=== Section Start ===

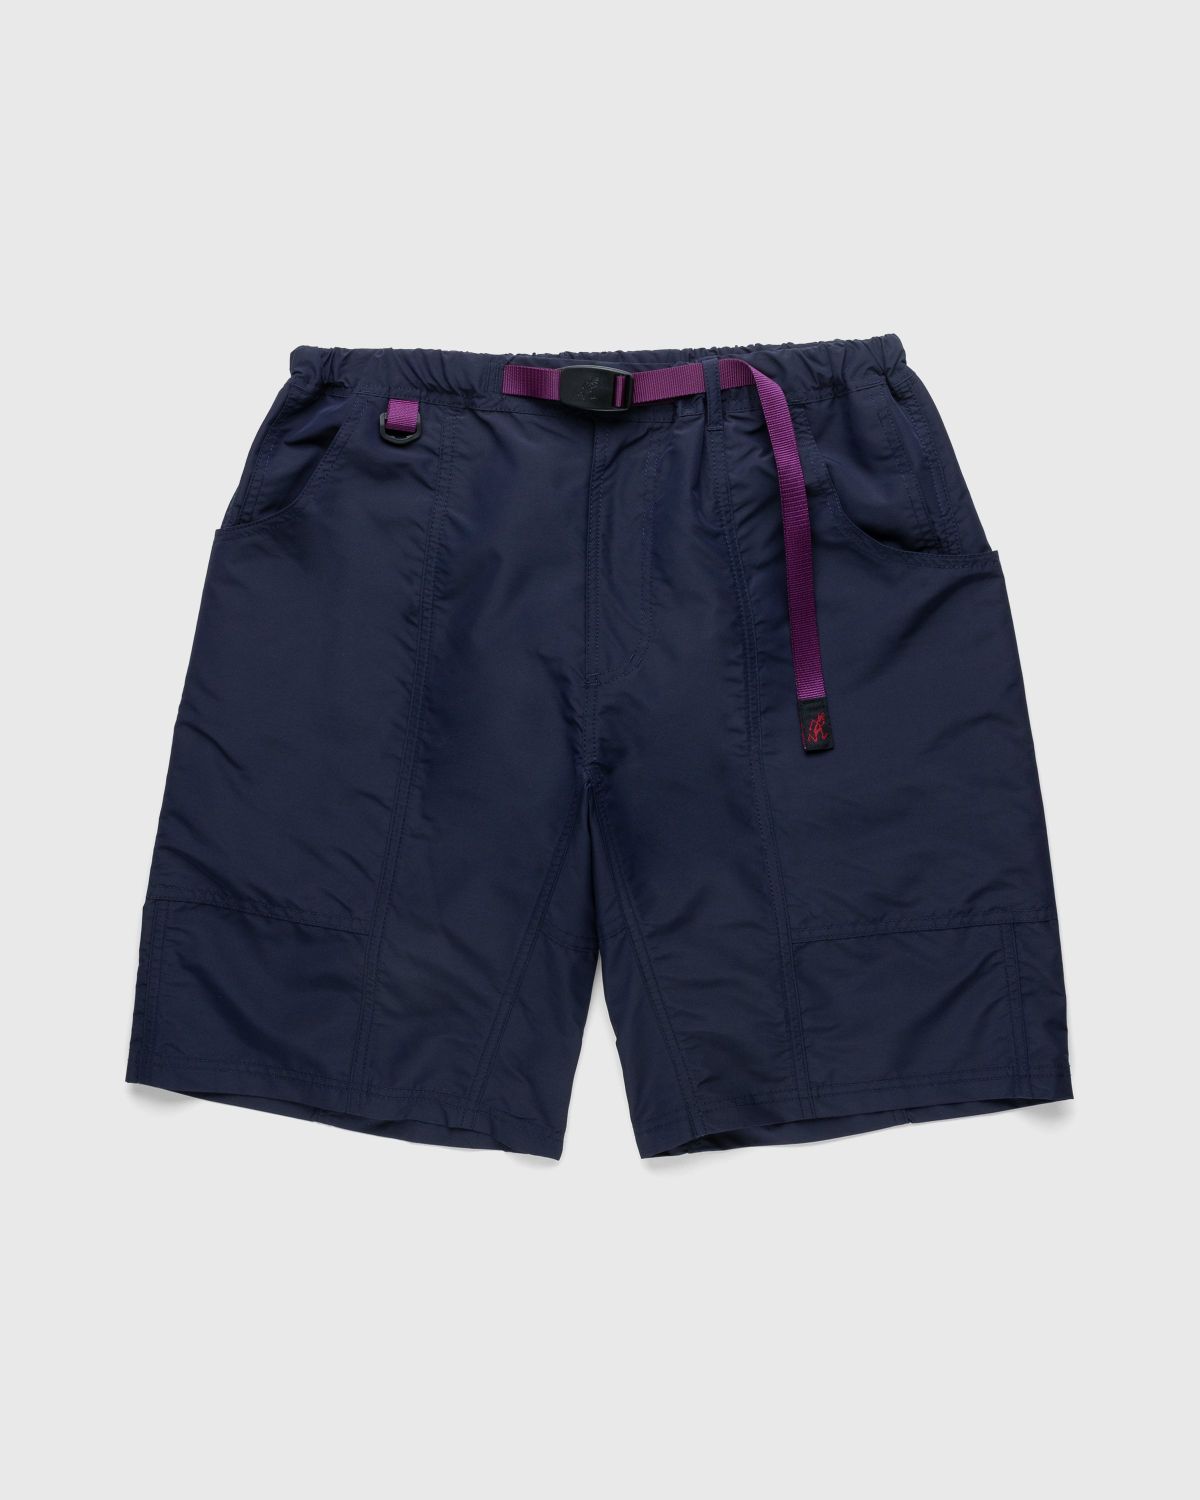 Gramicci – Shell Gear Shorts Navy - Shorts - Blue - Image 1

=== Section End ===
=== Section Start ===

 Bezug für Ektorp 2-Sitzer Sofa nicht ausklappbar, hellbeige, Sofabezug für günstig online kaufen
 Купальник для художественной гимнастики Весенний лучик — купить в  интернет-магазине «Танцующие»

=== Section End ===
=== Section Start ===

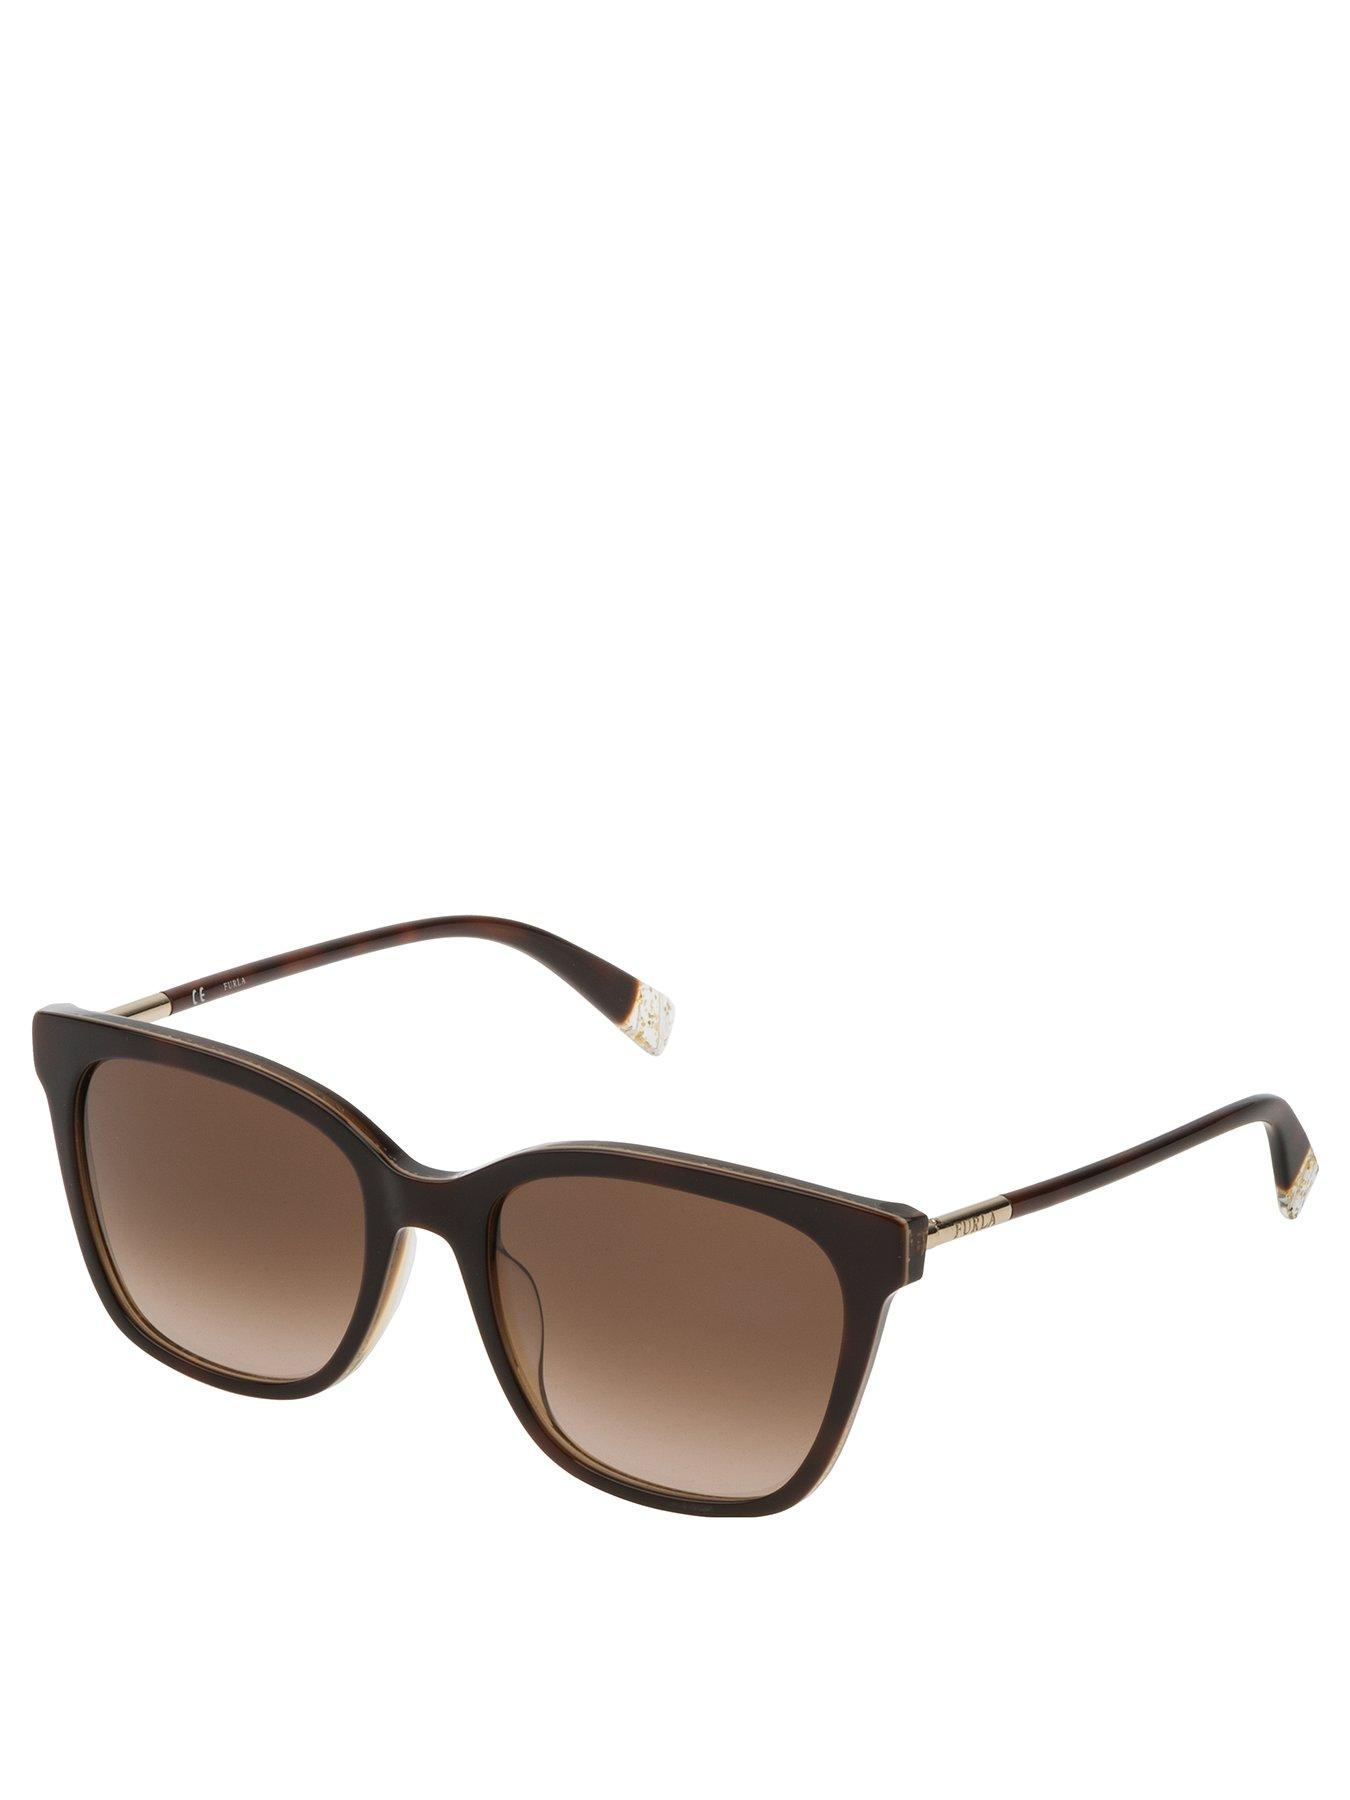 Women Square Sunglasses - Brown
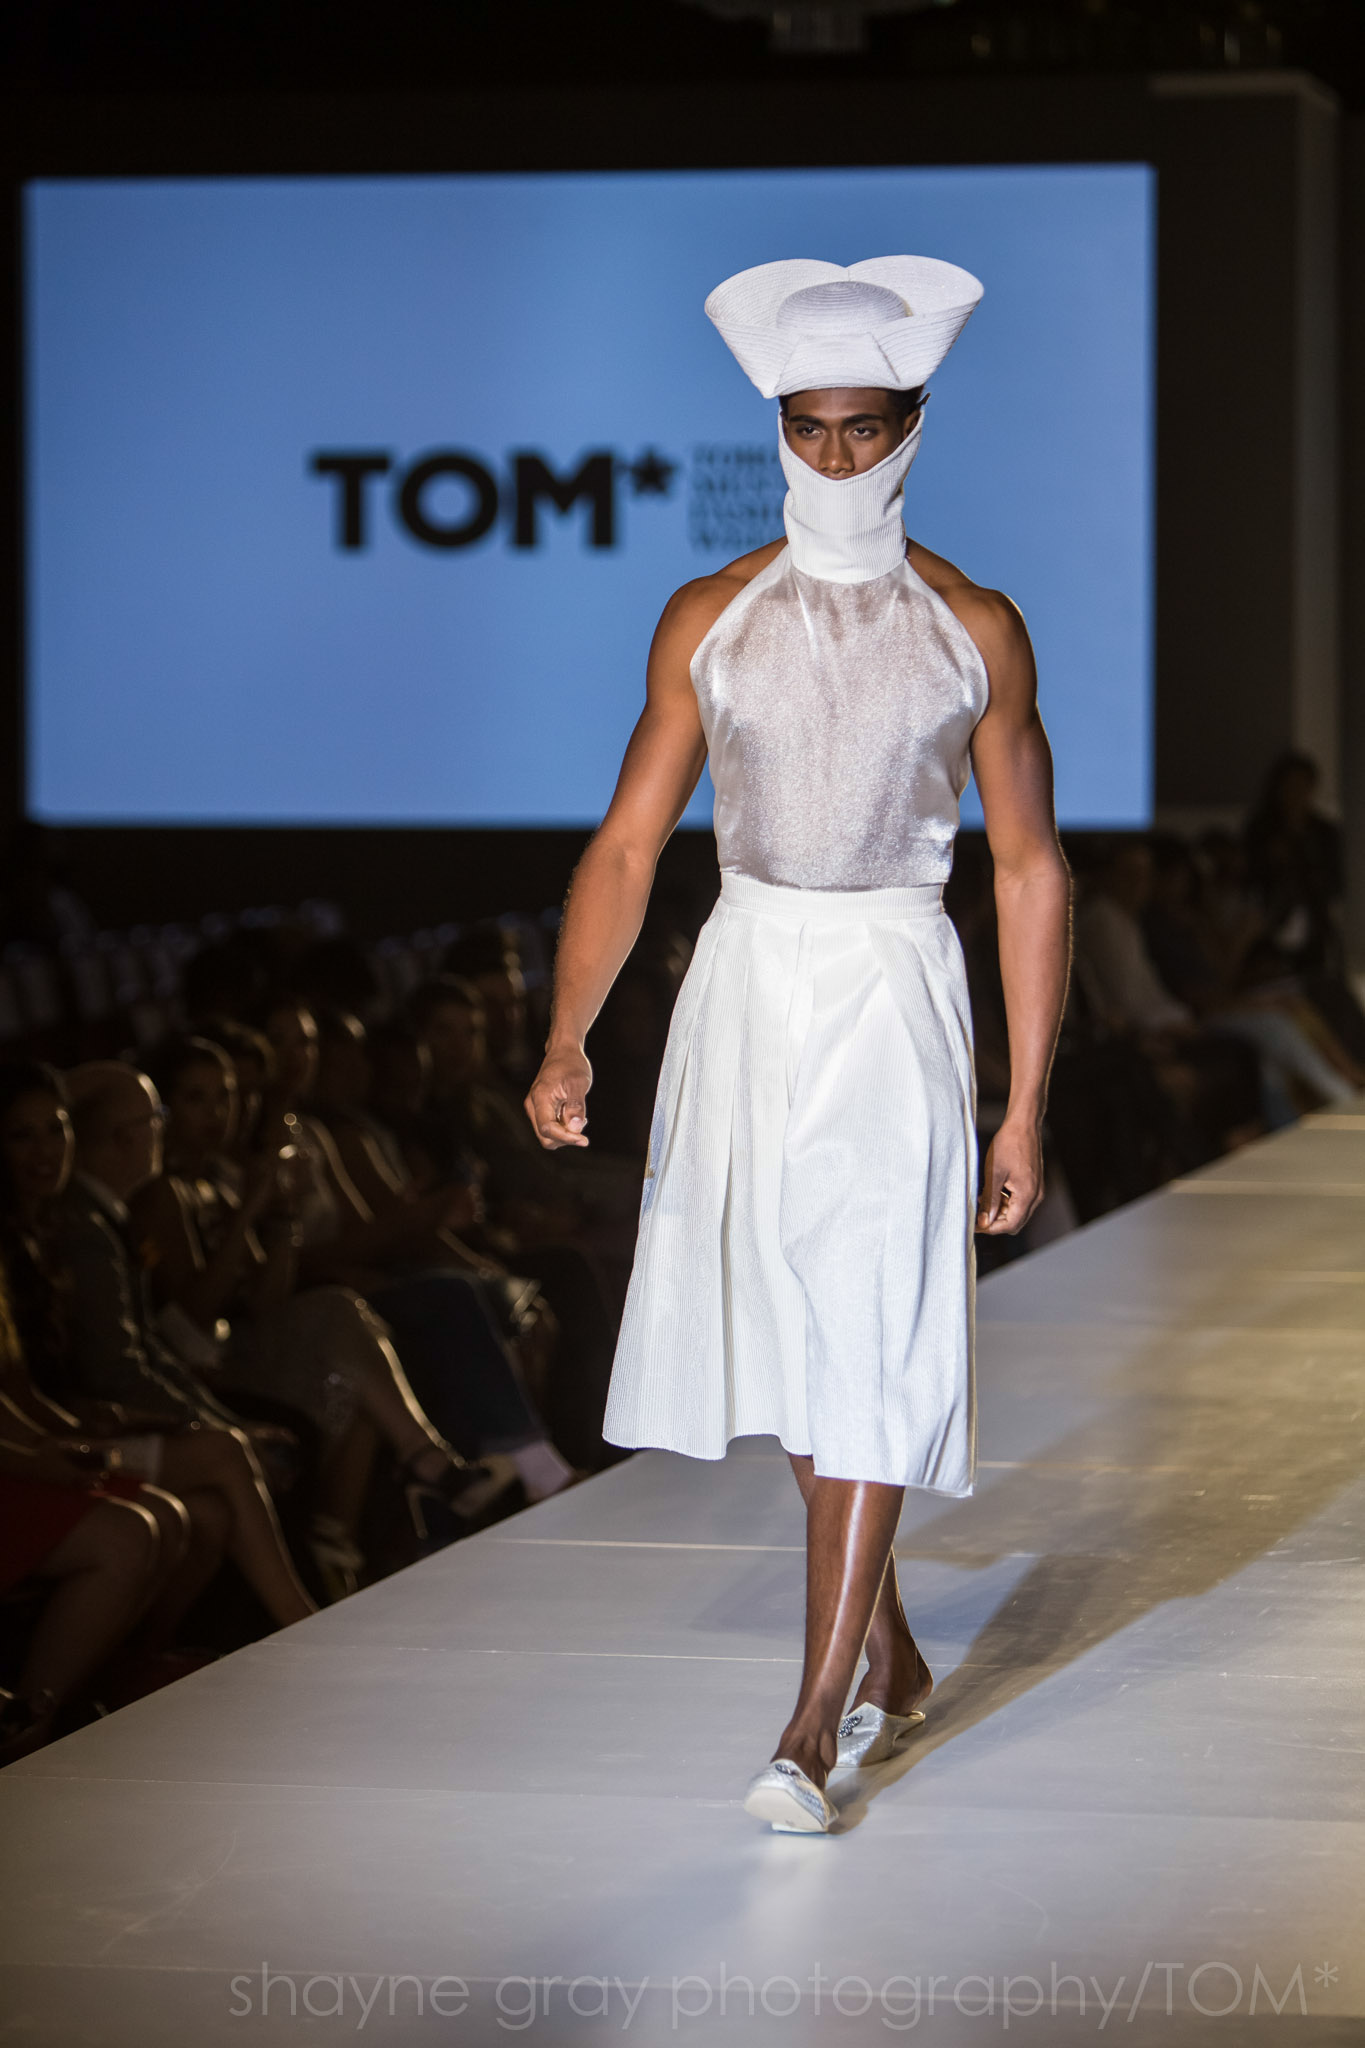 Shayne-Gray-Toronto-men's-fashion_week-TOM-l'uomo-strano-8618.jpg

=== Section End ===

◆ **Work to complete**
In the data above, find the line with "Bezug für Ektorp" and the line with "Купальник для художественной". Retype both, plus every line between them, exactly.

◆ **Result**
 Bezug für Ektorp 2-Sitzer Sofa nicht ausklappbar, hellbeige, Sofabezug für günstig online kaufen
 Купальник для художественной гимнастики Весенний лучик — купить в  интернет-магазине «Танцующие»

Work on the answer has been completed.